Runs great, better video would be snow engaging. She's a tiny little girl and needs some time to process snow.


----------



## HJames (Oct 28, 2013)

Looking at the video I would say your problem is with the impeller. Maybe a bad bearing or the impeller itself isn't fixed to the shaft. It is definitely not spinning at an rpm consistent with the engine speed. I would say your augers are spinning faster than the impeller.


----------



## gsnod (Sep 2, 2013)

I agree with everyones assessment, as the auger looks great, yet the impeller is rotating too slowly. I wonder if the impeller pins are broken?


----------



## scrappy (Dec 7, 2014)

Seems like the impeller shear pin is broken. Easy to check... Can you rotate the impeller by hand.. the impeller drive should turn the augers.


----------



## sscotsman (Dec 8, 2010)

yep..I also agree, the impeller looks "loose" on its shaft..
thats clearly the problem..

It's a 22,000 series..not sure which model, but the buckets should be similar..
the parts manual:

http://apache.ariens.com/manuals/PRM 22000.pdf

shows a pin on the impeller..see page 10.
#68 on the diagram, part #58007, roll pin.

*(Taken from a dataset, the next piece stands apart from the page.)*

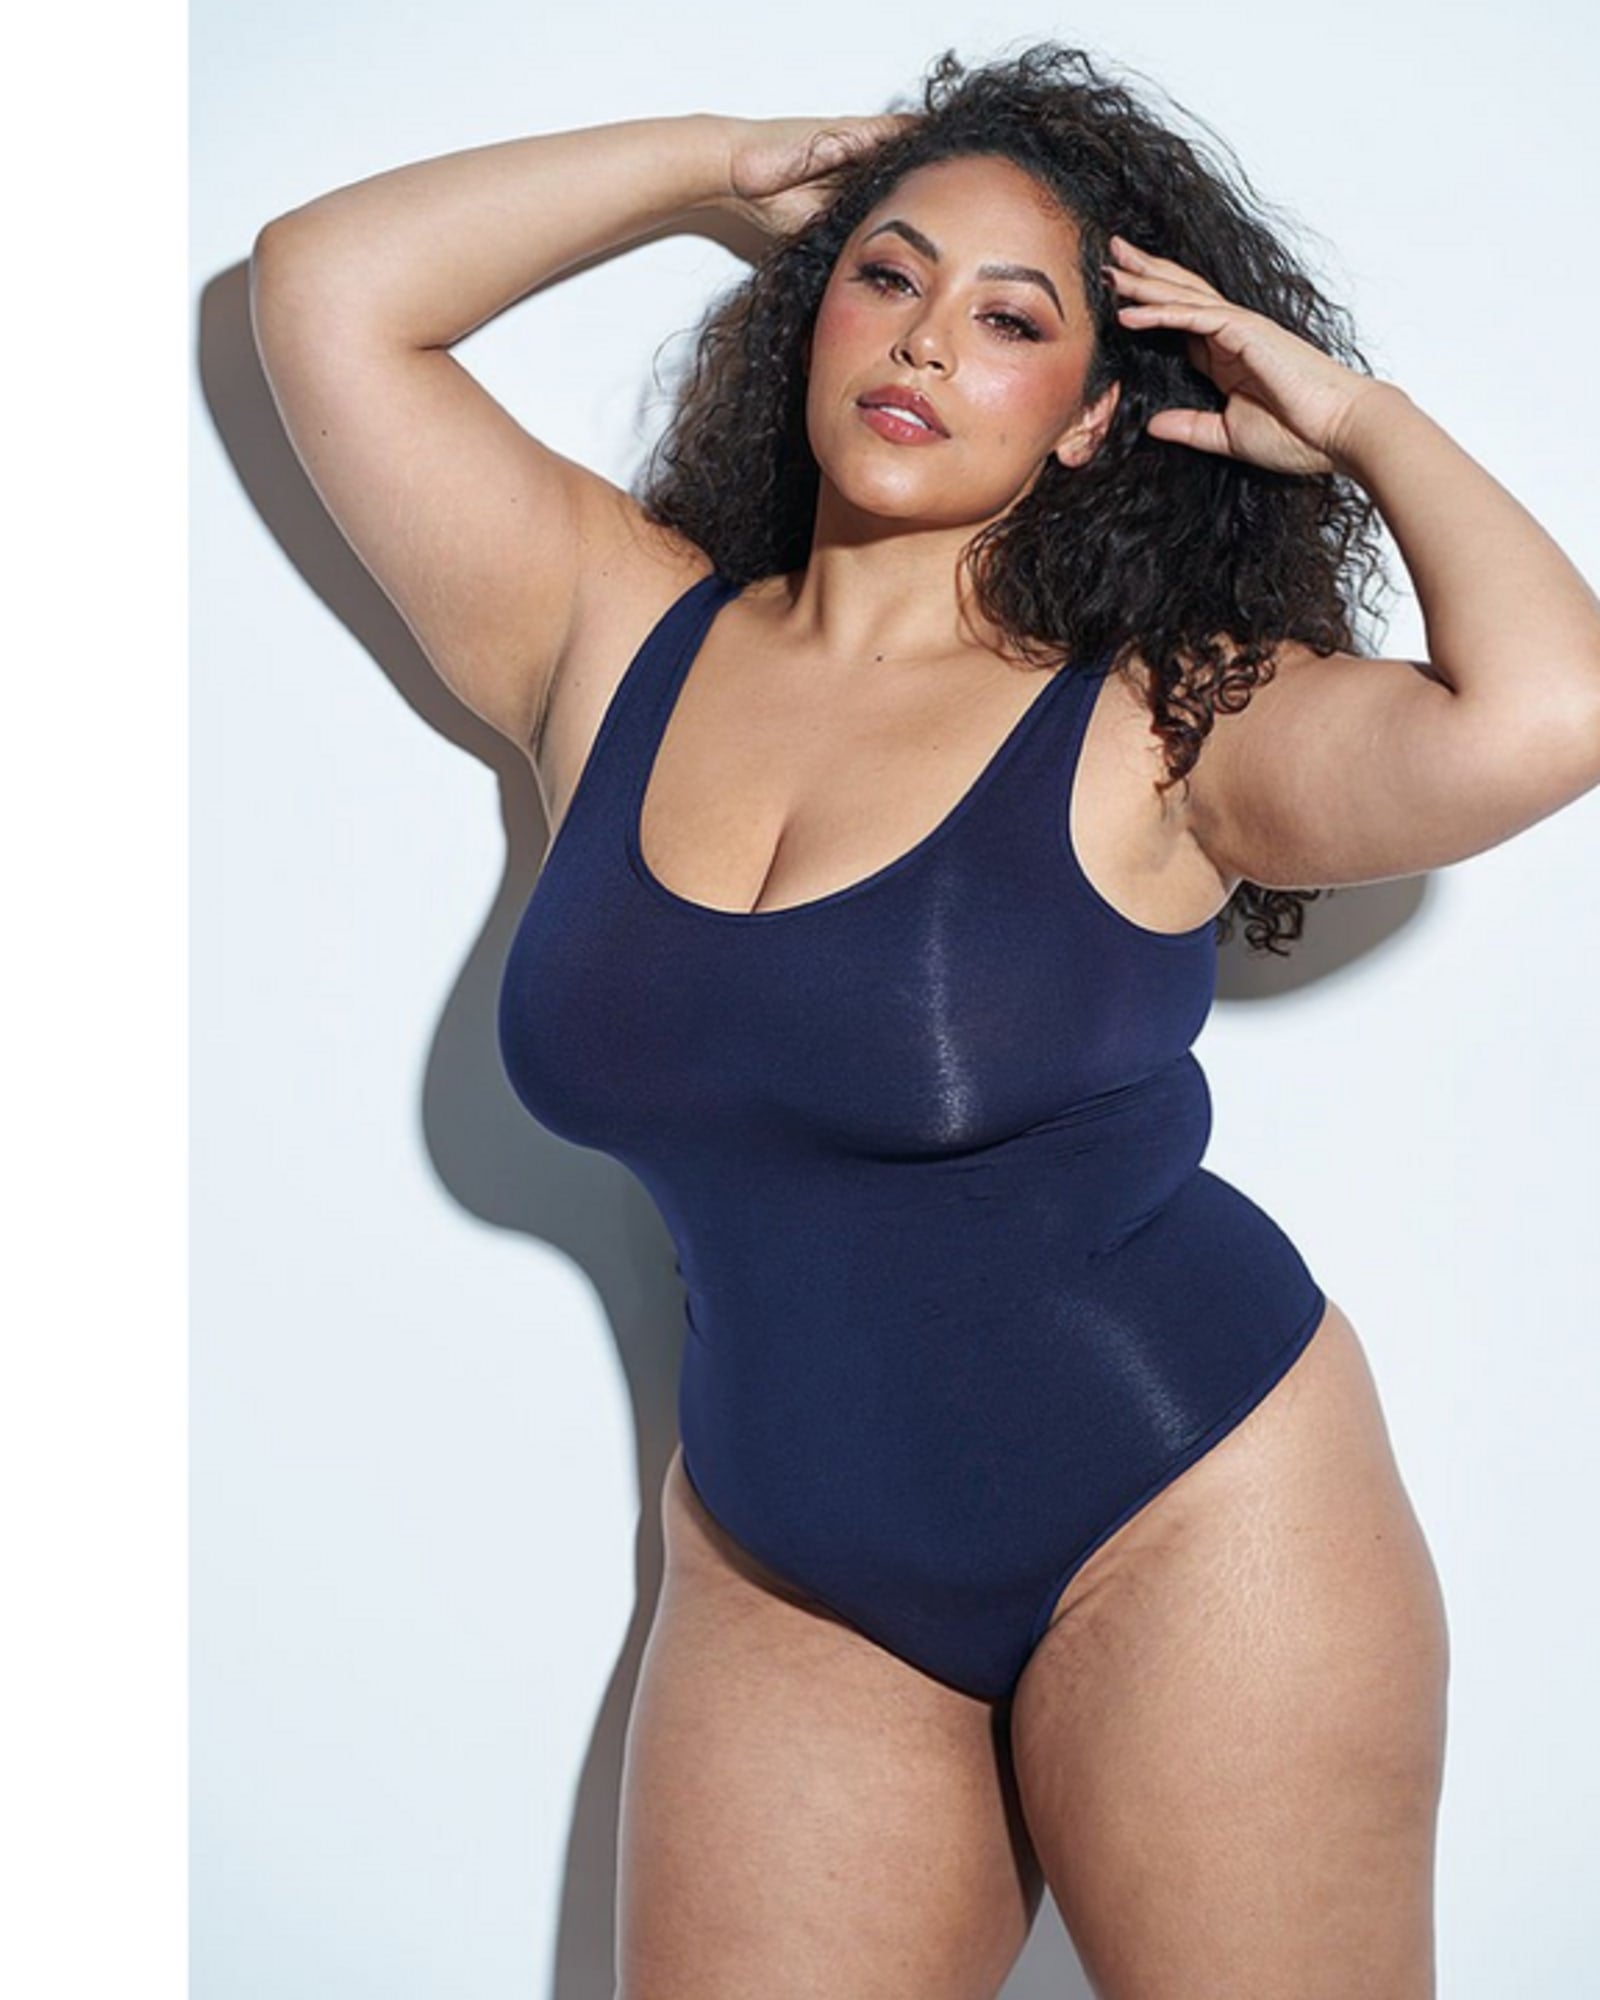 Buy Sexy Lingerie Women's BodySuit Plus Size Lingerie at

thats probably your culprit..
I have never looked at one of these impeller pins close-up and in person before..
anyone ever change/fix one?

Scot


----------



## Shryp (Jan 1, 2011)

I pulled the impeller off of one of my late 70s 924000 series and it had 2 standard roll pins in it.


----------



## scrappy (Dec 7, 2014)

I replaced the roll pin on dads' '67. I think it had sucked up gravel at EOD.


----------



## El Toro (Jan 15, 2015)

So tried to turn the impeller and it does spin but I need to find a way to stop the auger from turning to measure for any slipping.

I'll get back to you guy's when I'm done testing it !

Thanks again for all of your advice !

Shawn


----------